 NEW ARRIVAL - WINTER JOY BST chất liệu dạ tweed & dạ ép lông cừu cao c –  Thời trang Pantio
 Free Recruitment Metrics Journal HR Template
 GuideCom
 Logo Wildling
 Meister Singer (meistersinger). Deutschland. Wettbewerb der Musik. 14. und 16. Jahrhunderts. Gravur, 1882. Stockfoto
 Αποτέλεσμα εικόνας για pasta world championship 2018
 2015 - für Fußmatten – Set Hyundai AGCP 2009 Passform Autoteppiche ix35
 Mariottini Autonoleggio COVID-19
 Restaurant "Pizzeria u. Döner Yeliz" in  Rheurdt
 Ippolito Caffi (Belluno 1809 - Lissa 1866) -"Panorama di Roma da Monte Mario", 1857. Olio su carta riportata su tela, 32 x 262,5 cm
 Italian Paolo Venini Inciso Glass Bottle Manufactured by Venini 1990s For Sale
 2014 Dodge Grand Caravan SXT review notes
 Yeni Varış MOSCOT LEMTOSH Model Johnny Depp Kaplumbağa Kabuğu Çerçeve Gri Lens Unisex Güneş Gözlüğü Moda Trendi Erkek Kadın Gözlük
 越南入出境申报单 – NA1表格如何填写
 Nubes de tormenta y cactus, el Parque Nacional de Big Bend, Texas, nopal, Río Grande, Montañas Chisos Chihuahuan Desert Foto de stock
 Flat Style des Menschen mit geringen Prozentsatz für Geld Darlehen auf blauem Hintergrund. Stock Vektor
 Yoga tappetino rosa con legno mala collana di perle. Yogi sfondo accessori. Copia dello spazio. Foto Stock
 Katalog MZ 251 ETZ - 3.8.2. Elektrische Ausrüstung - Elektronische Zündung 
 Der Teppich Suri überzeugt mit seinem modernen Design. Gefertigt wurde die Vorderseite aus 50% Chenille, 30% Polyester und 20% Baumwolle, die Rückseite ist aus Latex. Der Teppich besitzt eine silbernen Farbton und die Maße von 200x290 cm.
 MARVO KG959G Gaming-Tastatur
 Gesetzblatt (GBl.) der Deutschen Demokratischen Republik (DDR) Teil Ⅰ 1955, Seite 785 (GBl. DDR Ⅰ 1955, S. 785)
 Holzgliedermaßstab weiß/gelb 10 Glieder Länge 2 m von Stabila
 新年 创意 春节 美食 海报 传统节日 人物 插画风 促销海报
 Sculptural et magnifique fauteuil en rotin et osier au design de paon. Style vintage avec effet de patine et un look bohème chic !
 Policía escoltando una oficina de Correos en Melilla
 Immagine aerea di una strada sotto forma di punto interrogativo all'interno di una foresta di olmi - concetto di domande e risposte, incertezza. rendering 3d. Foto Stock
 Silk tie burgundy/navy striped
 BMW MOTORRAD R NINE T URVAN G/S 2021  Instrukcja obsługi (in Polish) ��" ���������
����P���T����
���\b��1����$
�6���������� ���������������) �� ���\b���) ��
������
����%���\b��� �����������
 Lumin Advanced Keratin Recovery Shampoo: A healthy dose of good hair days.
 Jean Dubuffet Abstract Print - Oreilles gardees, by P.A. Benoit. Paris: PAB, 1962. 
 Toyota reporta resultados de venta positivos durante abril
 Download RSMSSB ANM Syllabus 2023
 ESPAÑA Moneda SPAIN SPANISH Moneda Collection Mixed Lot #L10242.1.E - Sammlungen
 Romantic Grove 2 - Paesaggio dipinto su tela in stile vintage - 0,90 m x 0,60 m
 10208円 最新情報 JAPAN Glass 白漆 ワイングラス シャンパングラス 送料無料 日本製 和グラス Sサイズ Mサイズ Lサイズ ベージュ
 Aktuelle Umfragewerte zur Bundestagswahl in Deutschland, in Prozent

§ GOAL OF THE EXERCISE: Sift through the entries and copy every line with "tela".

§ FINISHED TASK:
 Ippolito Caffi (Belluno 1809 - Lissa 1866) -"Panorama di Roma da Monte Mario", 1857. Olio su carta riportata su tela, 32 x 262,5 cm
 Romantic Grove 2 - Paesaggio dipinto su tela in stile vintage - 0,90 m x 0,60 m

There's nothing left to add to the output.